July 19, 2020 3 comments

Almost since people started building software systems, effort estimation has been a hot topic for researchers.

Effort estimation models are necessarily driven by the available data (the Putnam model is one of few whose theory is based on more than arm waving). General information about source code can often be obtained (e.g., size in lines of code), and before package software and open source, software with roughly the same functionality was being implemented in lots of organizations.

Estimation models based on source code characteristics proliferated, e.g., COCOMO. What these models overlooked was human variability in implementing the same functionality (a standard deviation that is 25% of the actual size is going to introduce a lot of uncertainty into any effort estimate), along with the more obvious assumption that effort was closely tied to source code characteristics.
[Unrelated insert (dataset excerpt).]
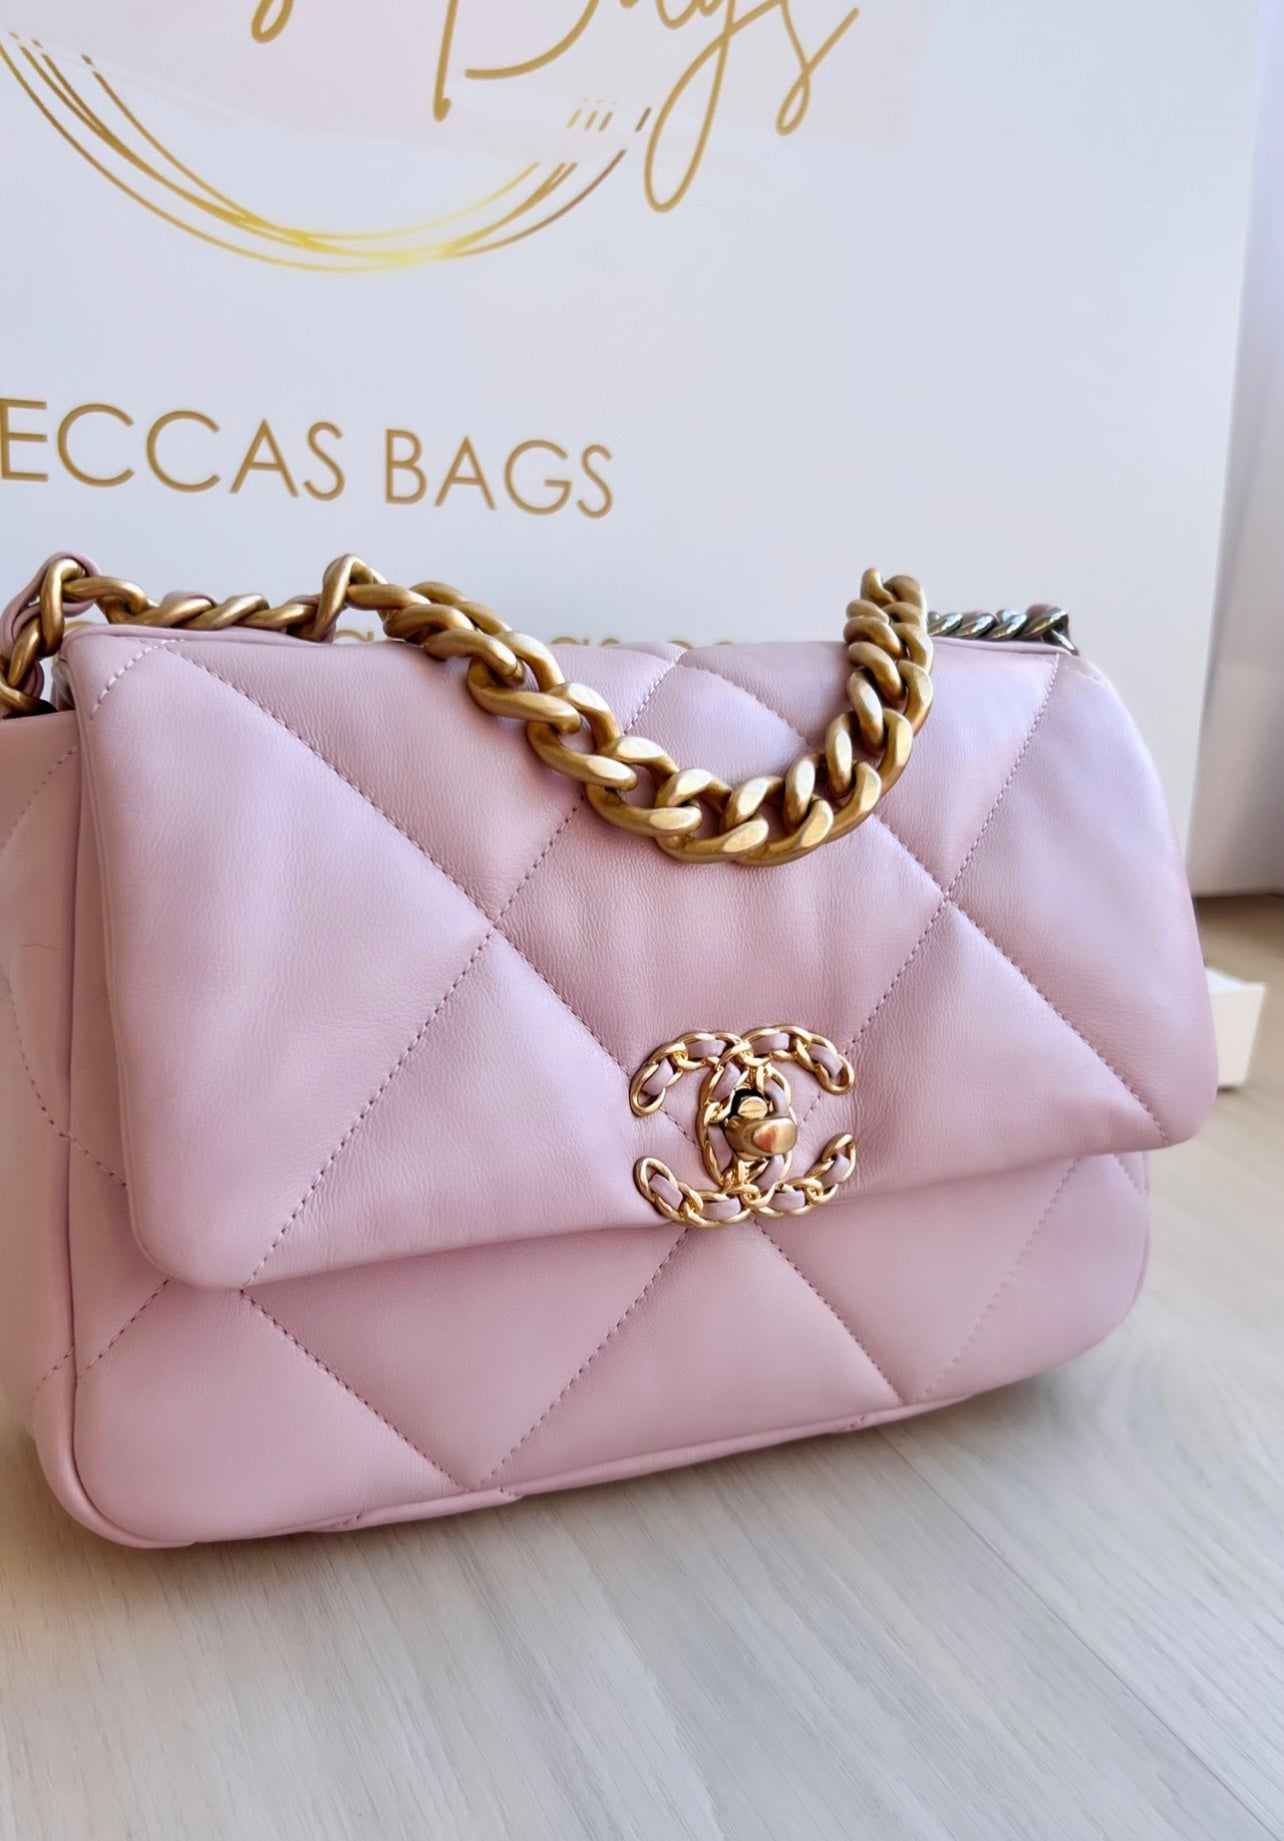 Chanel 19 Bag – Beccas Bags

The advent of high-tech clueless button pushing machine learning created a resurgence of new effort estimation models; actually they are estimation adjustment models, because they require an initial estimate as one of the input variables. Creating a machine learned model requires a list of estimated/actual values, along with any other available information, to build a mapping function.

The sparseness of the data to learn from (at most a few hundred observations of half-a-dozen measured variables, and usually less) has not prevented a stream of puffed-up publications making all kinds of unfounded claims.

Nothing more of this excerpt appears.